Should Mike Tyson be granted a visa to come to NZ?
Maori political leaders are calling on Urban Maori Authority chair Willie Jackson to pull his support for a visit by convicted rapist and former heavyweight champion Mike Tyson, saying his ''toxic'' message puts woman at risk.
The 46-year-old American was due to come to New Zealand to perform a show in Auckland in November but Immigration Minister Kate Wilkinson cancelled his visa after Life Education Trust withdrew its support, saying it had been given in error by a well-meaning volunteer.
The visa was issued under a special direction because Tyson was barred from New Zealand after being sentenced to six years in prison for the 1991 rape of 18-year-old beauty pageant contestant Desiree Washington in an Indianapolis hotel room.

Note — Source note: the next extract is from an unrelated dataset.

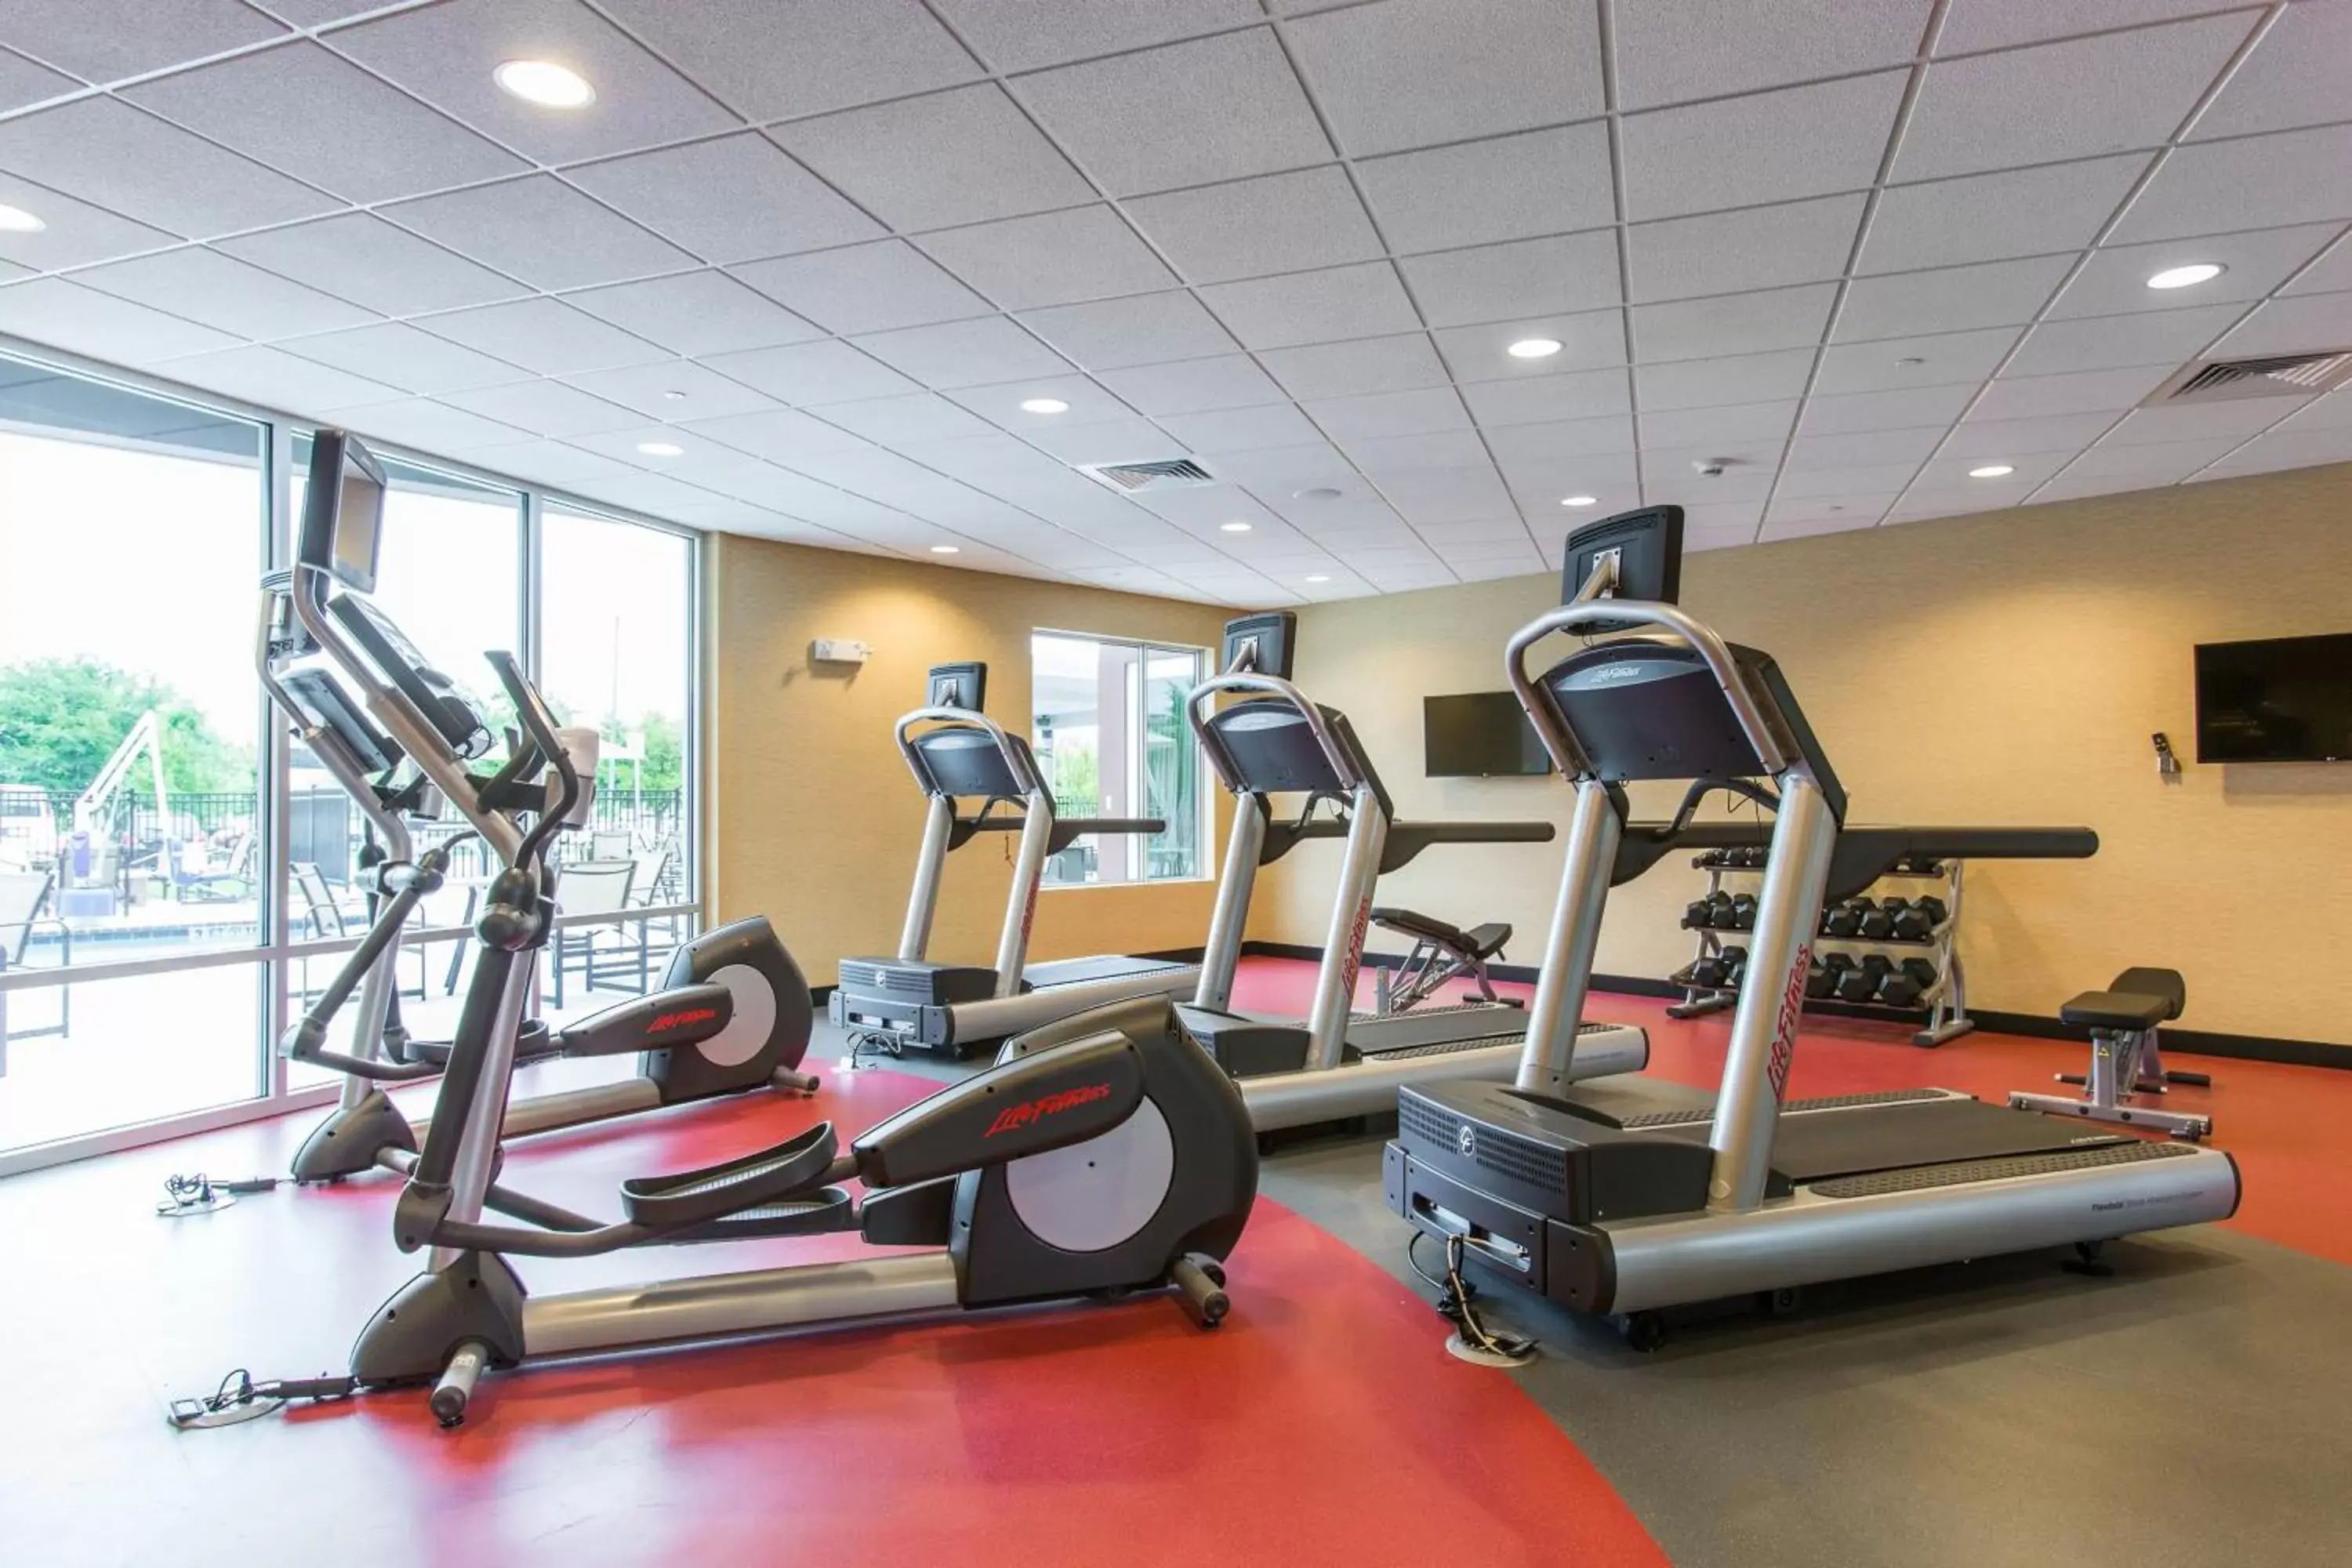 Fitness centre/facilities, Fitness Center/Facilities in Cambria Hotel Plano - Frisco

He continues to deny the crime.
He also spent time in prison in 1999 for assaulting two motorists in Maryland and infamously bit off part of fellow boxer Evander Holyfield's ear during a 1997 bout.

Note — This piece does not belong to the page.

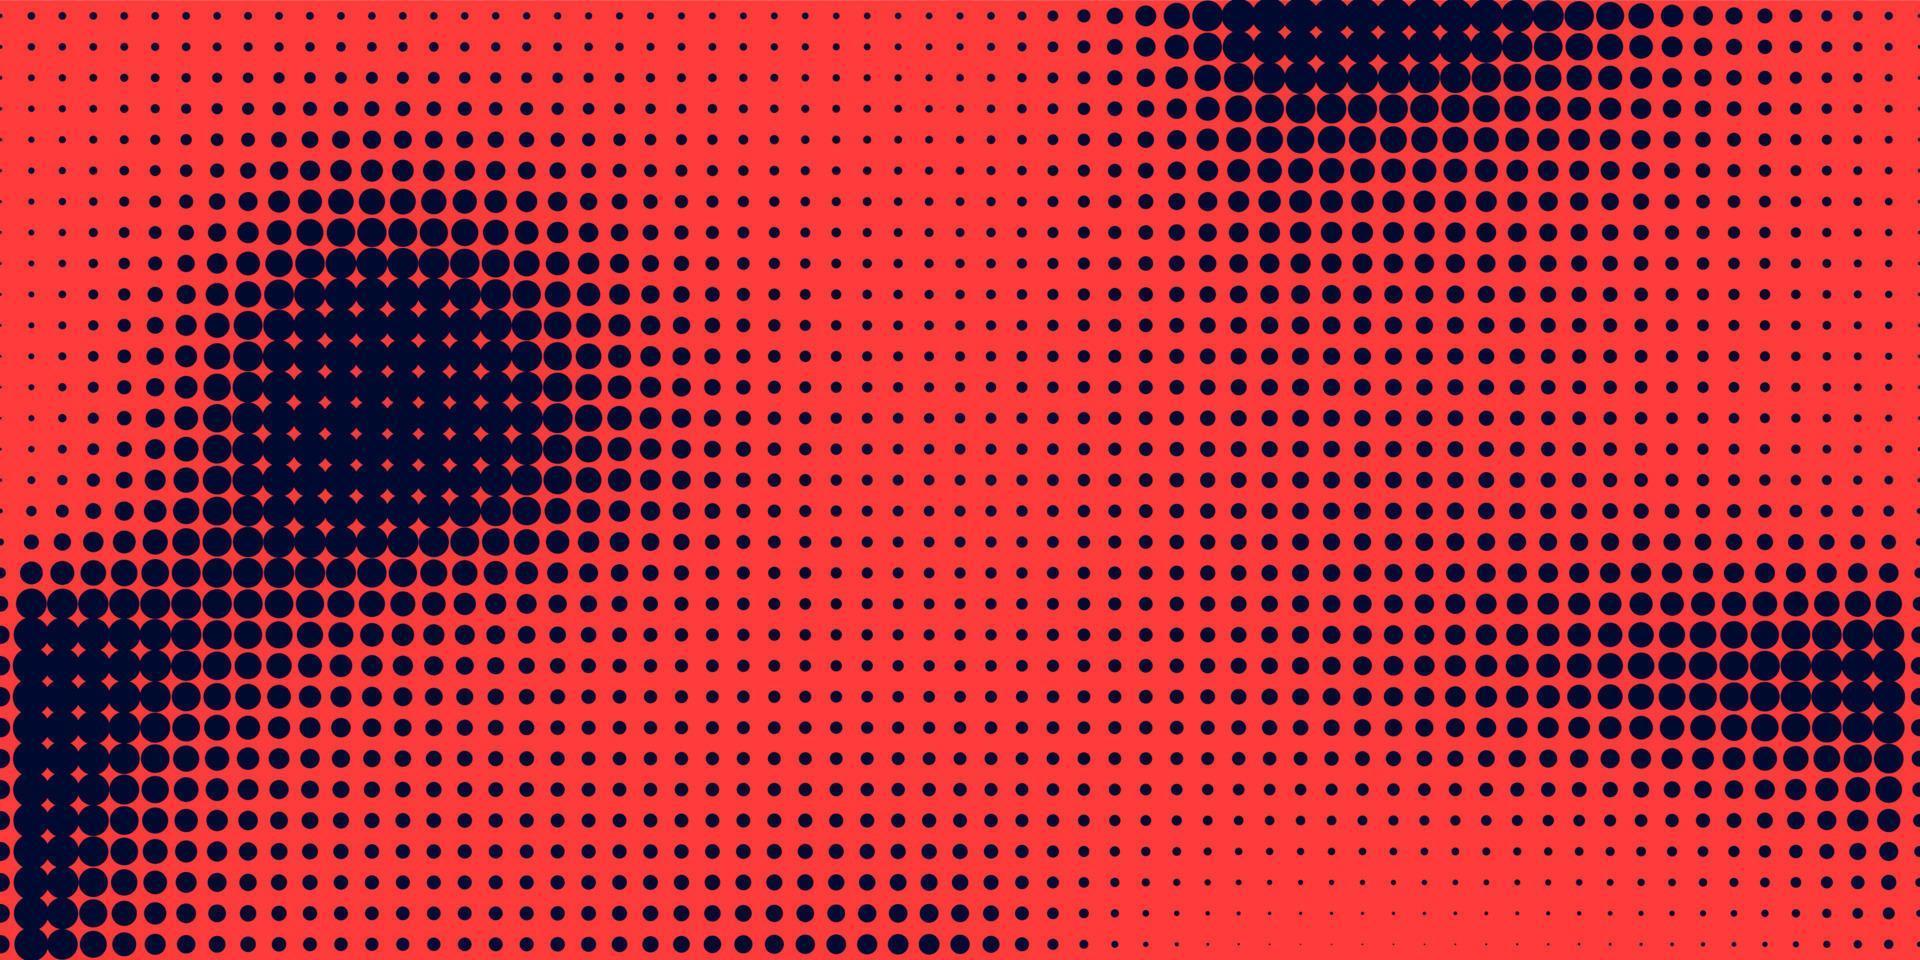 halftoon in abstracte stijl. geometrische retro banner vector textuur. moderne afdrukken. donkerblauwe en rode achtergrond. lichteffect

Tyson is reapplying for a visa to come here and was just granted entry to Australia where he also plans to tour his Day of the Champions show.

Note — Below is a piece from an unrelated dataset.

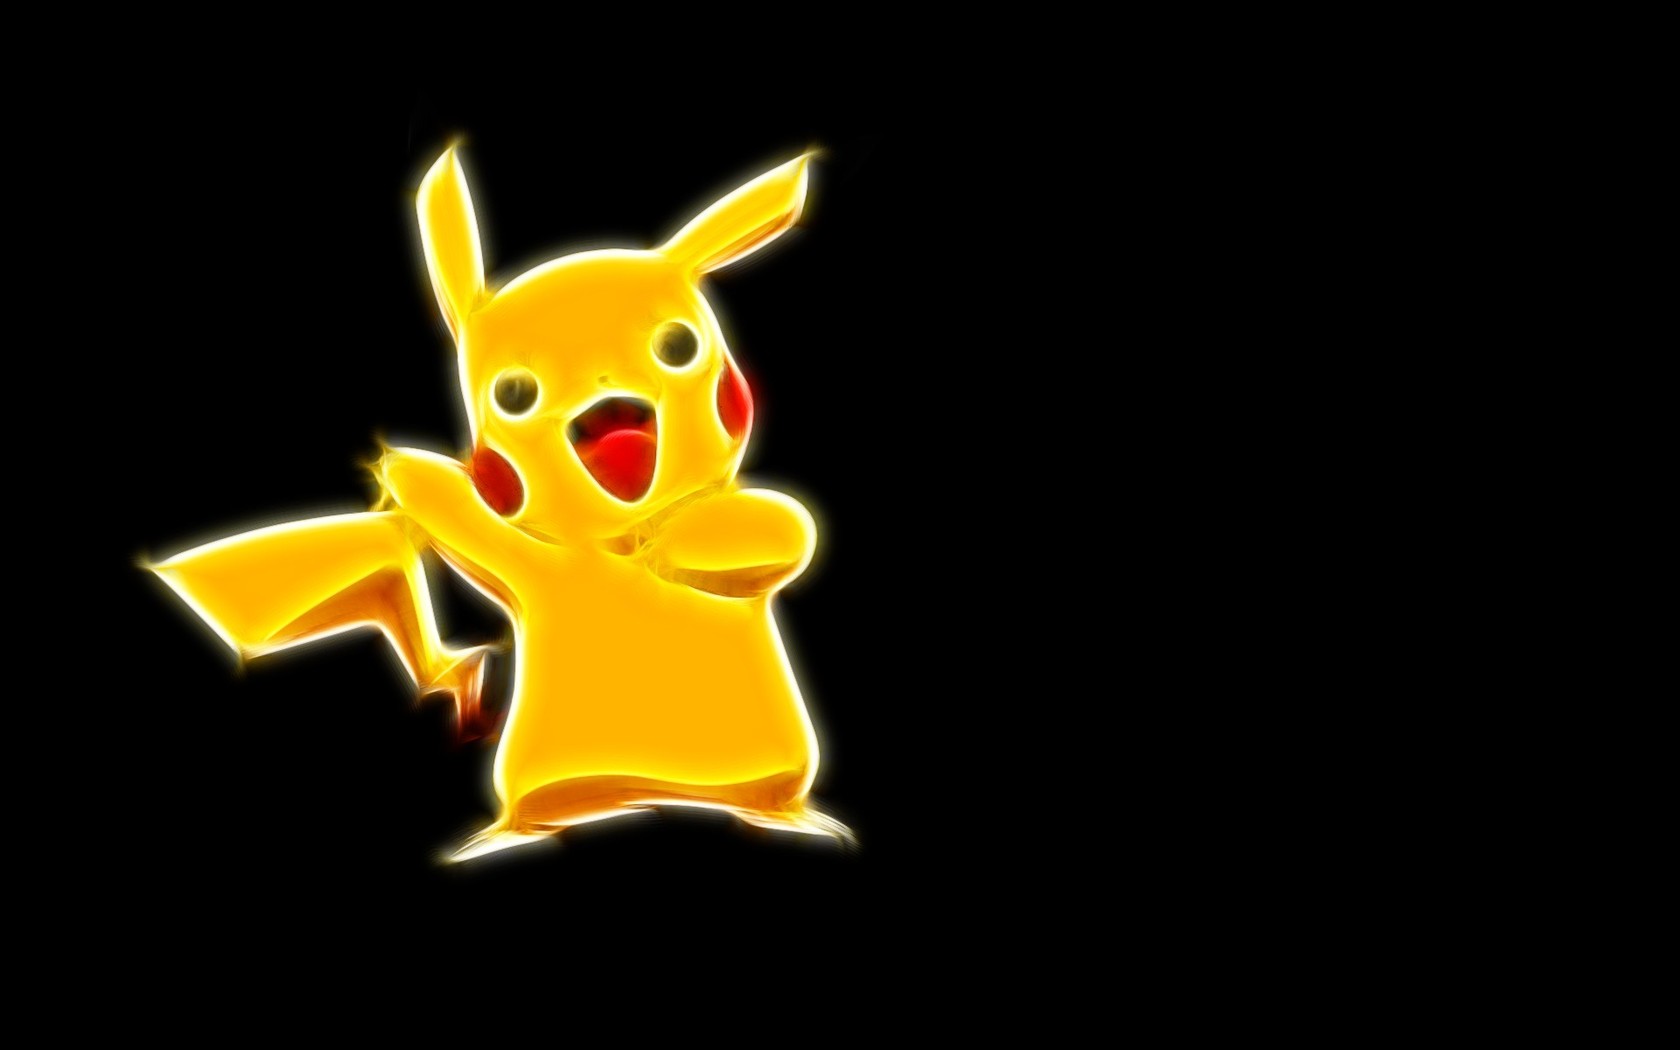 Pikachu   Pokemon wallpaper 4610

Jackson, who is also a broadcaster, has said he would support Tyson if he visited a South Auckland marae and spoke to young Maori there.
However, Greens co-leader Metiria Turei said Maori men needed to stand up for Maori women, ''not support an unrepentant misogynist who has had a rape conviction coming here to talk to young Maori men about how they should run their lives.
''He is not a role model and I am dismayed that Maori men would support Mike Tyson to come here... at a time when violence against women, particularly Maori women, is very high.''
Jackson and his Radio Live co-host, former Labour MP John Tamihere, needed to withdraw their support, she said.
Maori Party co-leader Dr Pita Sharples, who is a White Ribbon ambassador against male violence, agreed Tyson was no role model.
''I do not want Mike Tyson telling our kids that the way he deals with his serious crime of sexual violence is by blaming the victim."
Tyson's show was filled with sexist jokes and contempt for women, he said.
''Clearly he has not turned his life around at all. Instead he is using his speaking tours and associated publicity to try to maintain his past reputation as a bad guy and to justify his views and behaviour.''
There were plenty of New Zealand role models such as athletes, Sharples said.
"I think they offer a totally positive inspiration to our young people, and we can well do without Mike Tyson here spreading his toxic message."
Anti-sexual violence organisation Stop Demand said Tyson may have sobered up and become a vegan, but he had not changed his attitude to women.
Stop Demand founder Denise Ritchie said Tyson told his Broadway debut audience two months ago he wanted to call the show "Boxing, Bitches and Lawsuits" but was overruled.
"This did not deter him from reportedly ranting through a list of women, or rather 'whores, bitches and tramps' - including the teenager he was convicted of raping - who he claims victimised him.
Wilkinson is considering Tyson's reapplication.